Project Daedalus (named after Daedalus, the Greek mythological designer who crafted wings for human flight) was a study conducted between 1973 and 1978 by the British Interplanetary Society to design a plausible uncrewed interstellar probe. Intended mainly as a scientific probe, the design criteria specified that the spacecraft had to use existing or near-future technology and had to be able to reach its destination within a human lifetime. Alan Bond led a team of scientists and engineers who proposed using a fusion rocket to reach Barnard's Star 5.9 light years away. The trip was estimated to take 50 years, but the design was required to be flexible enough that it could be sent to any other target star.

All the papers produced by the study are available in a BIS book, Project Daedalus: Demonstrating the Engineering Feasibility of Interstellar Travel.

==Concept==
Daedalus would be constructed in Earth orbit and have an initial mass of 54,000 tonnes including 50,000 tonnes of fuel and 500 tonnes of scientific payload. Daedalus was to be a two-stage spacecraft. The first stage would operate for two years, taking the spacecraft to 7.1% of light speed (0.071 c), and then after it was jettisoned, the second stage would fire for 1.8 years, taking the spacecraft up to about 12% of light speed (0.12 c), before being shut down for a 46-year cruise period.
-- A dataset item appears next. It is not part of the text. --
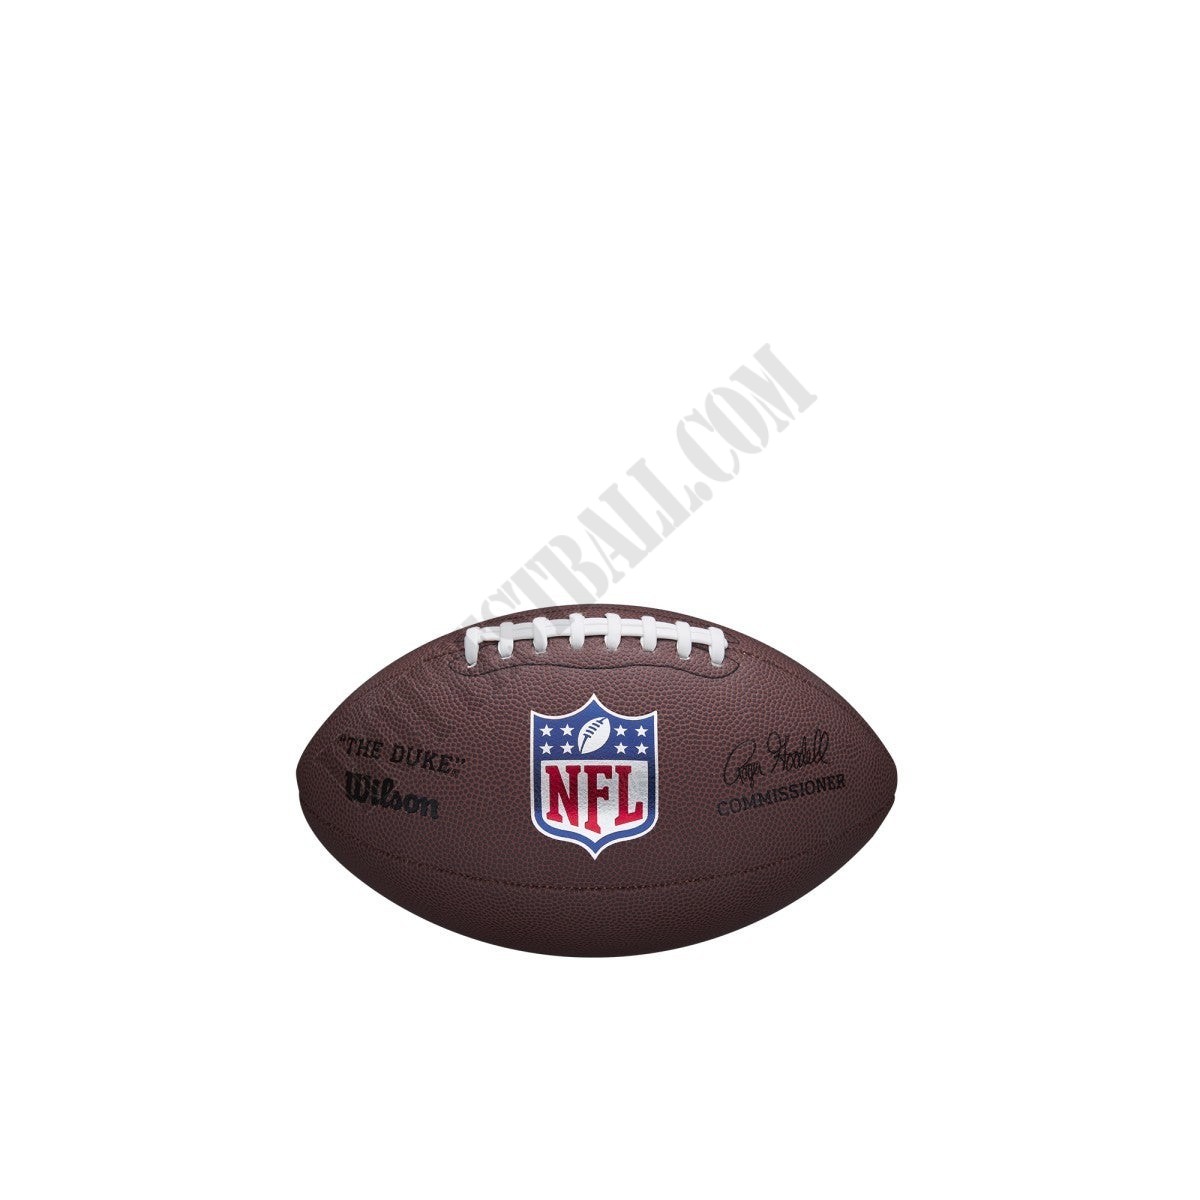 NFL Duke Mini Replica Football - Wilson Discount Store - NFL Duke Mini Replica Football - Wilson Discount Store

Due to the extreme temperature range of operation required, from near absolute zero to 1600 K, the engine bells and support structure would be made of molybdenum alloyed with titanium, zirconium, and carbon, which retains strength even at cryogenic temperatures. A major stimulus for the project was Friedwardt Winterberg's inertial confinement fusion drive concept, for which he received the Hermann Oberth gold medal award.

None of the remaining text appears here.